Well folks, I currently have 2 or 3 significant blog entries whizzing around my head, and I have to post up one of them even though I have already started writing the other or else I might explode . I guess this can be a little tidbit to keep the posts going until some of my more major endeavors arrive.

So the inspiration for this post originated via a Hack Day at the company where I'm working for the summer. One group presented an auto-summarization feature dubbed "talking points" which essentially took group content and displayed the major bullet points nicely on the groups page. The presenters portrayed this effort as a more impartial view on groups. After all, I know that I for one welcome our robot overlords trust algorithms a lot more than I trust self-promotion intended to get you to join the group. At any rate, I didn't catch the name of the algorithm until it was sent out in an email a week later.

I was pretty interested in how it worked, so I checked out the paper online. From reading the paper, I gained a few insights. It turns out that German computer scientist H.P. Luhn came up with a method for automatically generating abstracts from scientific papers, along with many cool information theoretic ideas. It also turns out that this idea is old, as in programming the data on punch cards and published in 1958 old. It's not even his most famous work either, as the Luhn Algorithm on Wikipedia points to a checksum like algorithm that validates an identification number. Given its age, the algorithm is also described in pretty straightforward English and it seemed pretty easy to implement, so I went ahead and did it.

First I'd like to give you a brief rundown of how the algorithm works. As Luhn states in his paper, the algorithm really doesn't do anything fancy in terms of NLP or anything like that, it pretty much relies on frequency analysis and word spacing:

The justification of measuring word significance by use frequency is based on the fact that a writer normally repeats certain words as he advances or varies his arguments and as he elaborates on an aspect of a subject. This means of emphasis is taken as an indicator of significance. The more often certain words are found in each other’s company within a sentence, the more significance may be attributed to each of these words. - H.P. Luhn


Makes sense to me, certain words are significant and repeated, the denser these clusters are the more valuable they become.

The algorithm itself occurs in two phases. In the first phase, we must determine which words are significant. Luhn states that this is first done by doing a frequency analysis, then finding words which are significant, but not unimportant English words. I made a very sweeping generalization here by taking the top 100 English words and counting those as unimportant. Wikipedia tells me that these words account for roughly half of all written English, so I am going to only use that set as the unimportant words, though there's nothing inherently in my code that makes this so. The first thing I'll do is build a hashset from these words, pretty straightforward:

def load_common_words():
    f = open("words.txt", "r")
    common_words = set()
    for word in f:
        common_words.add(word.strip('\n').lower())
    f.close()
    return common_words

Next I have to get the most common words from my document, whatever it is, and then take a subset of those that are not these most common english words, but are still important. I did this by reading through the file and counting the word frequency, removing the most common words from our dictionary, and then sorting them in descending order. I decided to record the top 10% of these, which I think should fall pretty squarely in the 'important' category that Luhn was looking for.

def top_words(file_name):
    f = open(file_name, "r")
    record = {}
    common_words = load_common_words()
    for line in f:
        words = line.split()
        for word in words:
            w = word.strip('.!?,()\n').lower()
            if record.has_key(w):
                record[w] += 1
            else:
                record[w] = 1

    for word in record.keys():
        if word in common_words:
            record[word] = -1
    f.close()     
    occur = [key for key in record.keys()]
    occur.sort(reverse=True, key=lambda x: record[x])
    return set(occur[: len(occur) / 10 ])

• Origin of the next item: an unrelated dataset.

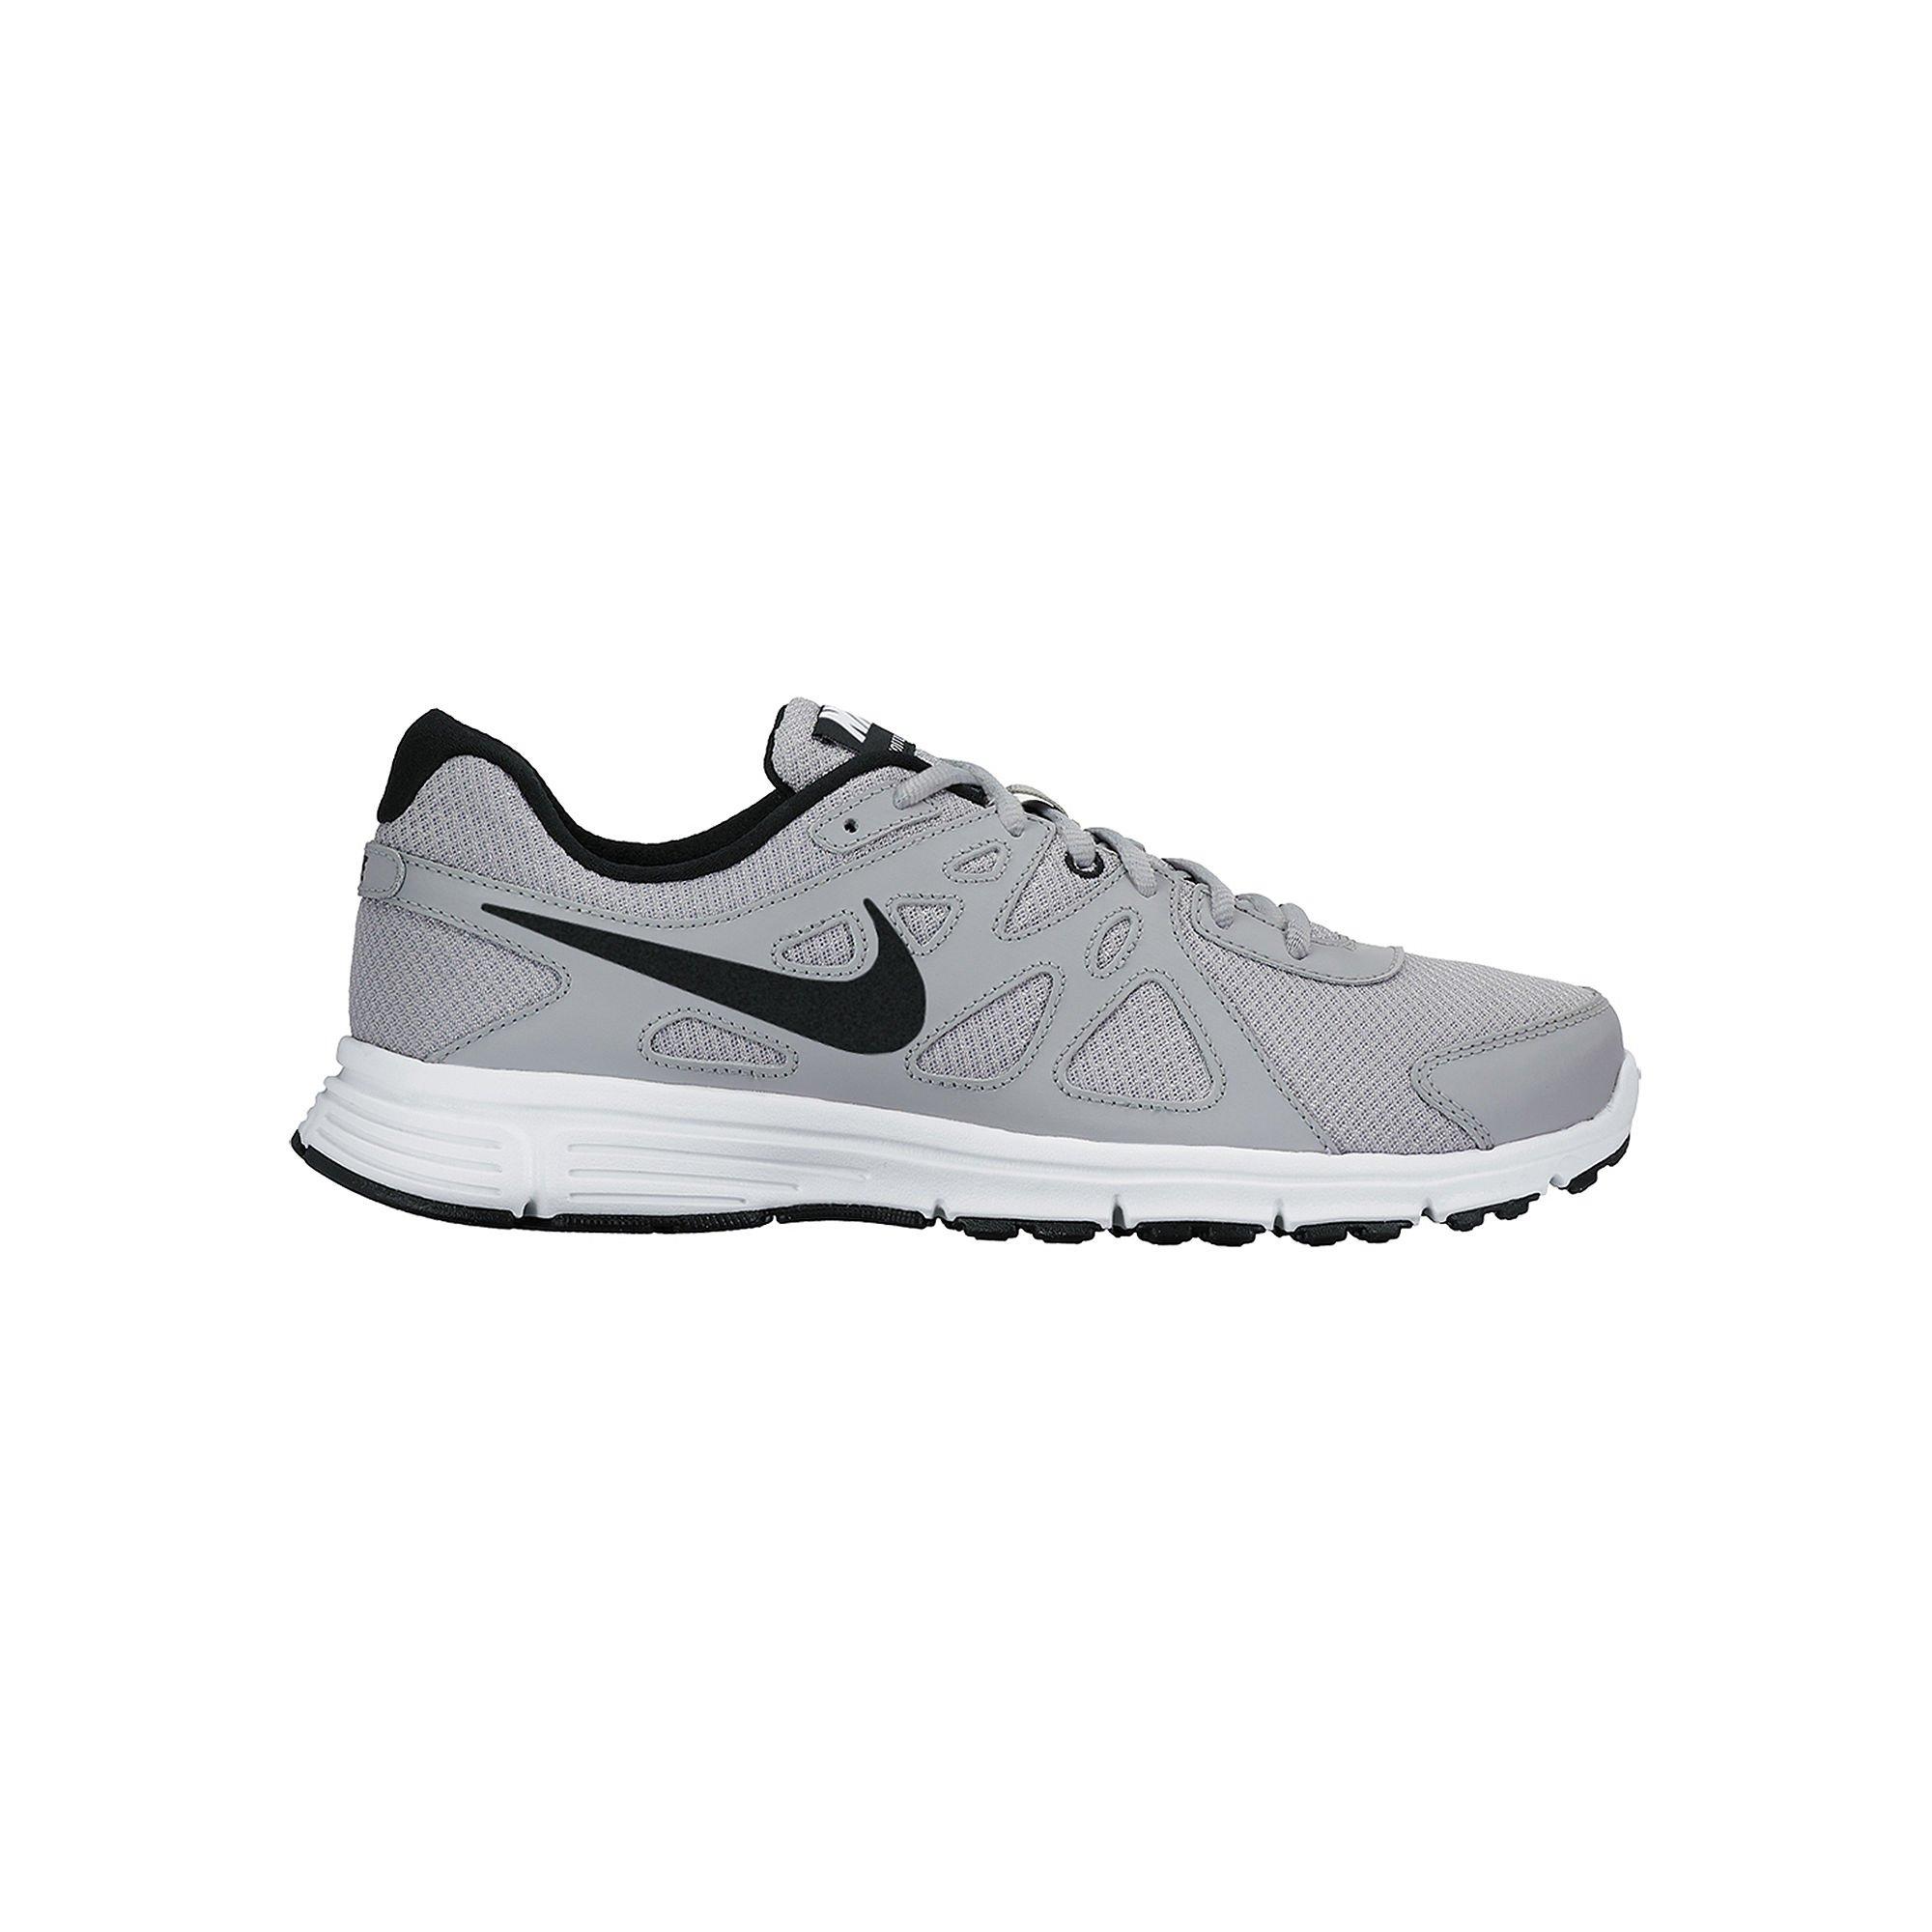 Nike Men's Revolution 2 Running Shoe Wolf Grey/Black/White Size 10 M US

Moving on to the second step, we must give a score to each sentence or set of text. This really generalizes to any body of text, but I was curious to how it would pick out important sentences, so I went ahead and just used sentences. This function calculates our score based upon how tightly the important words are clustered inside the sentence. Luhn called this the "significance factor," which could be calculated for a sentence by bracketing the significant words in the sentence, squaring the number of significant words and then dividing by the total number of words. So if we had a 100 word string of significant words, then the sentence would receive a score of 100. The calculate score method is a little bit hacky looking, but this is to save space and make things a little bit more interesting for you.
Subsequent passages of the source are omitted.